● **Excerpted data**

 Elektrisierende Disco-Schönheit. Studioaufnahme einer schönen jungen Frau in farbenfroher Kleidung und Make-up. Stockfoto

==

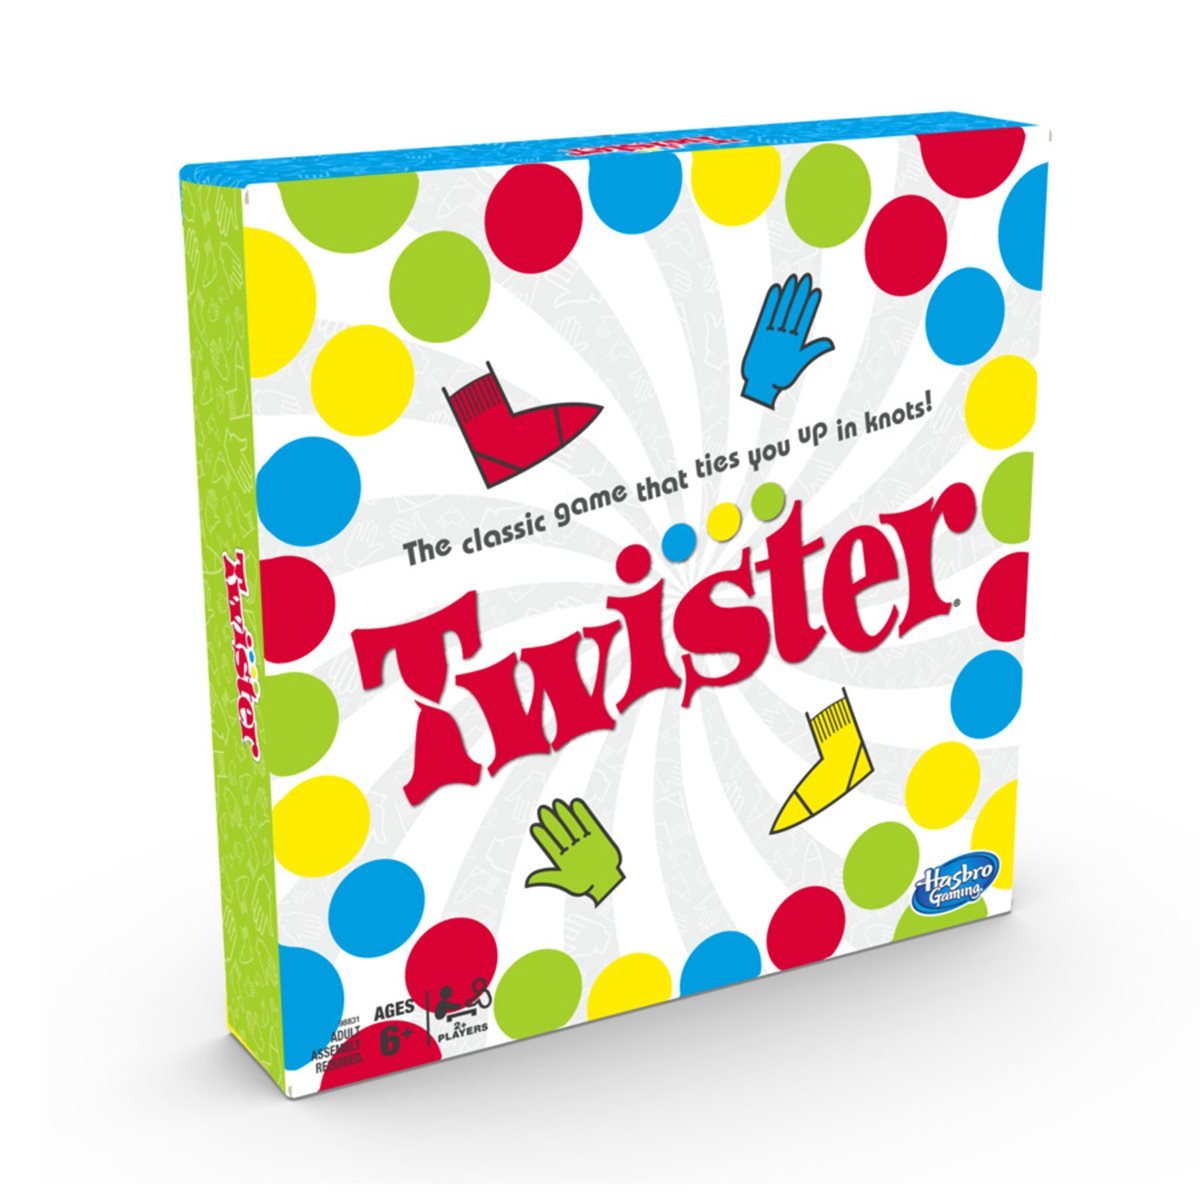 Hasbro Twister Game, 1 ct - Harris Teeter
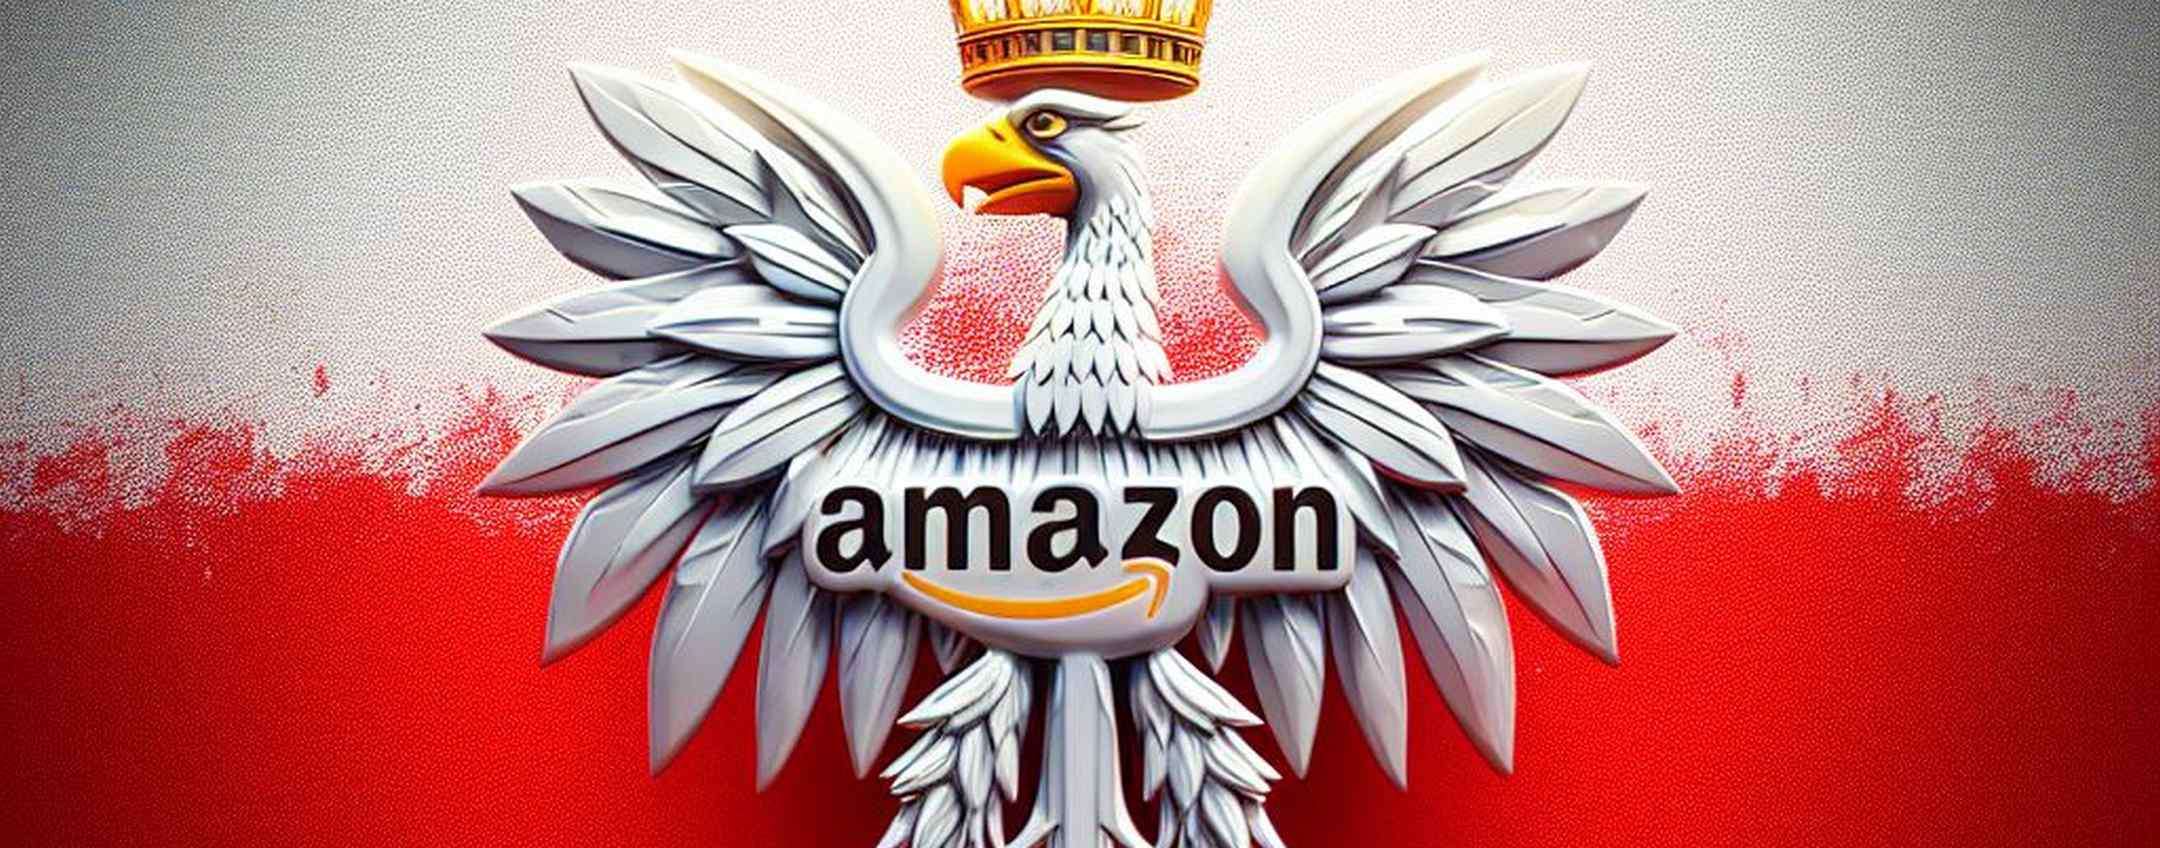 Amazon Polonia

---

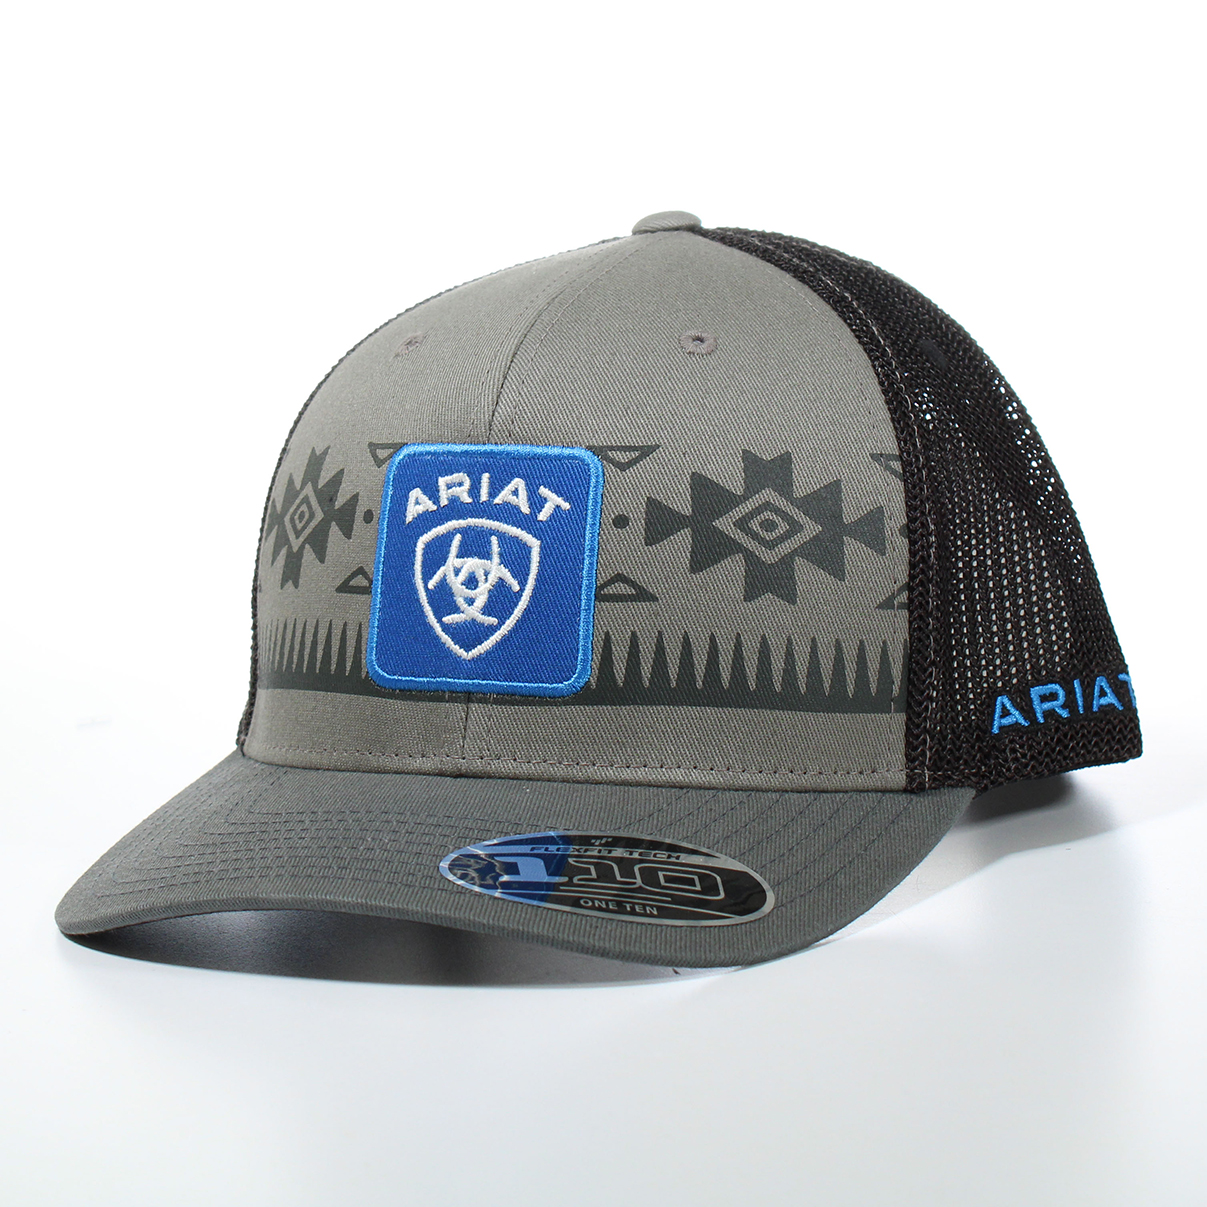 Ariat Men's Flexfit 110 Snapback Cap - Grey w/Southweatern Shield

● **Description of the task**
In the listing above, find the line containing "Hasbro Twister Game, 1 ct - Harris Teeter" and the line containing "Amazon Polonia", then write out both of them and every line between, exactly, with no pictures.

● **Response**
 Hasbro Twister Game, 1 ct - Harris Teeter
 Amazon Polonia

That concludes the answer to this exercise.